◆ WORK ORDER:
Please give back, word for word, only the lines starting at the one containing "Vassilis MAGIASSIS (1880-1926)" and ending at the one containing "Le nevi di granito" within the material below.

◆ DATA EXTRACTS:

▶

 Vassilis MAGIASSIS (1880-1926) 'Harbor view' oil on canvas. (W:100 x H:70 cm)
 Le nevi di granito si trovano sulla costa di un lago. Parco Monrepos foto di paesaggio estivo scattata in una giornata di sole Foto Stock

◀
▶

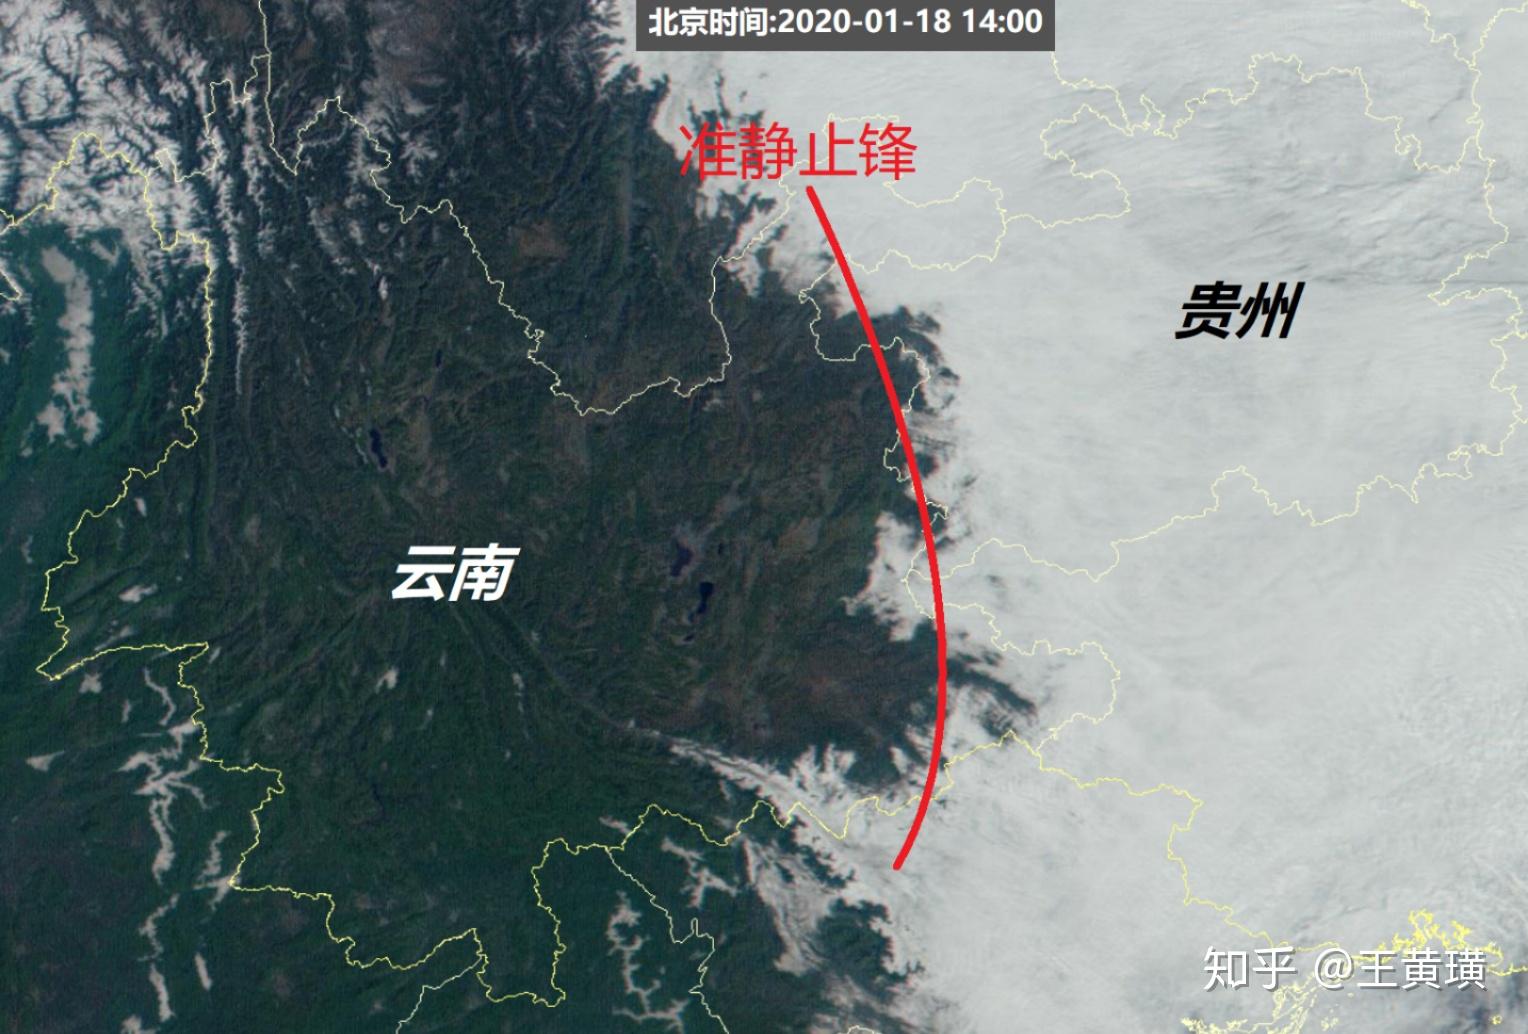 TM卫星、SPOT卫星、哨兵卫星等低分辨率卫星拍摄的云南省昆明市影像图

◀
▶

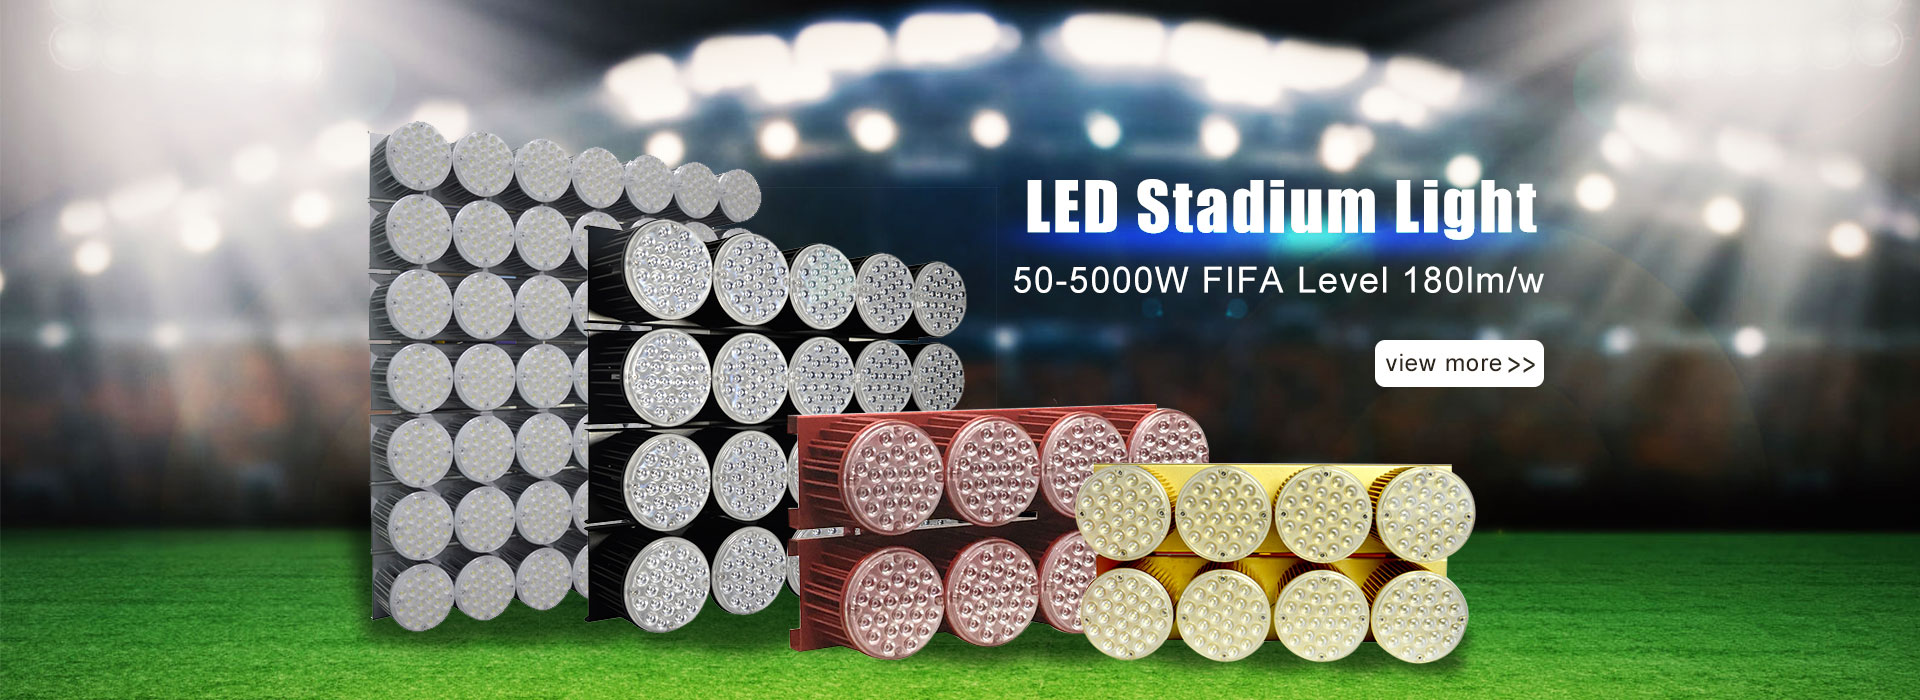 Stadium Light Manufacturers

◀

◆ RESULT:
 Vassilis MAGIASSIS (1880-1926) 'Harbor view' oil on canvas. (W:100 x H:70 cm)
 Le nevi di granito si trovano sulla costa di un lago. Parco Monrepos foto di paesaggio estivo scattata in una giornata di sole Foto Stock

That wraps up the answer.